Dal giugno 2013 torna all'Udinese, occupandosi del settore giovanile.
Giovanni Villari, il p r e s i d e n t i s s i m o, non è certamente un personaggio nuovo, un parvenu, Per dirla tutta è un qualificato addetto ai lavori. Ha sempre lavorato per i giovani, al servizio dello sport. In modo particolare del calcio. Uno, che ha lavorato per togliere i giovani dalla strada e dalle sue perverse tentazioni. Con la Pro Torre, ha percorso tutta la storia di questa società. Dalla terza categoria, alla seconda, sino alla prima. Poi è approdato da presidente o co-presidente, in Promozione, in Eccellenza, in serie D… Bagaladi, Bagaladi San Lorenzo, Vallata Bagaladi San Lorenzo, Valle Grecanica. Trent’anni di vita, di storia. Personaggio di prima grandezza, senza nulla togliere all’altro presidente Giovanni dottor Maesano, tanto per dare a Cesare, quel che è di Cesare. Eroe di tante battaglie in giro per la Calabria, sempre con la pompa in mano come i Vigili del Fuoco, per spegnere gl’incendi. Una serietà personale e professionale che ha pochi emuli. La FIGC, sempre attenta a queste cose, non si è lasciata sfuggire l’occasione per gratificarlo con dei riconoscimenti a livello nazionale, Un dirigente federale della FIGC addirittura. Troppa grazia Sant’Antonio. Ma nessuno gli ha regalato niente. L’Udinese è una delle società più prestigiose del Campionato Italiano.
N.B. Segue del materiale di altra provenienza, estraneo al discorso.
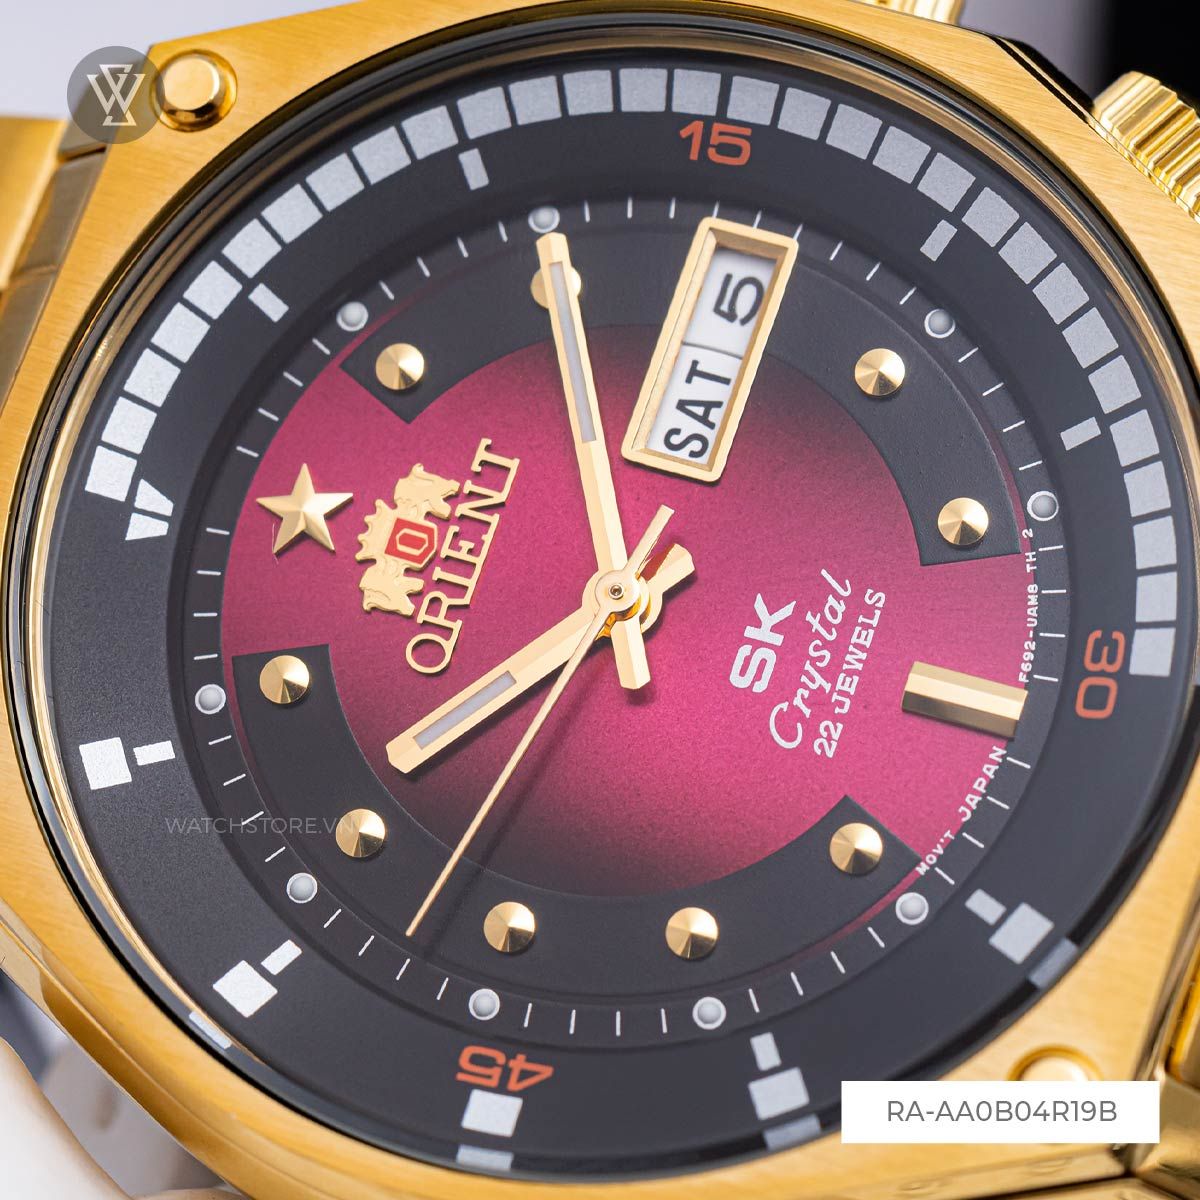 Siêu phẩm Orient SK Vietnam Special Edition RA-AA0B04R19B đã có mặt tại Watches shop - Ảnh 6

Logica voleva che per l’affiliazione ai colori bianconeri, si facesse una selezione su tutto il territorio nazionale come hanno sottolineato i tre dirigenti scesi in Calabria. Loro, lavorano per garantire alle famiglie ai ragazzi, ai tecnici, ai preparatori atletici, agli psicologi ed altre figure apicali, che comunque lavorano in sinergìa fianco a fianco, un ambiente sereno, a misura di ragazzo. Per intenderci un habitat, immerso nel verde, nella natura e nell’ossigeno. L’elemento catalizzatore dev’essere il dialogo ed il confronto delle idee. Un vero e proprio imperativo categorico. Formare l’uomo ed il cittadino. La pedagogia applicata al gioco del calcio. A prescindere dal fatto, che oramai moltissime società si stiano orientando verso l’inserimento di uno psicologo, psico-terapeuta, guru specialista in yoga ecc. Un pomeriggio memorabile, anche per i bagnanti a migliaia. Mai visto un pienone così. Neanche ai tempi d’oro, di vacche grasse, spighe piene ed opulenza. Sul Lungomare dei Mille e suo prolungamento sino alla “Zagara”, non abbiamo potuto trovare un buco, per metterci dentro la macchina. Nemmeno dietro la spiaggia. L’appuntamento, era per le ore 17,30, ma gli ospiti, non hanno potuto conquistare un posto al… bagno penale della“Cayenna”… periferia di Timbuctu, se non dopo le ore 1800… quaranta gradi “a Londra”. Gianni Villari ha voluto che a schiamazzare, dietro un microfono, fossimo noi.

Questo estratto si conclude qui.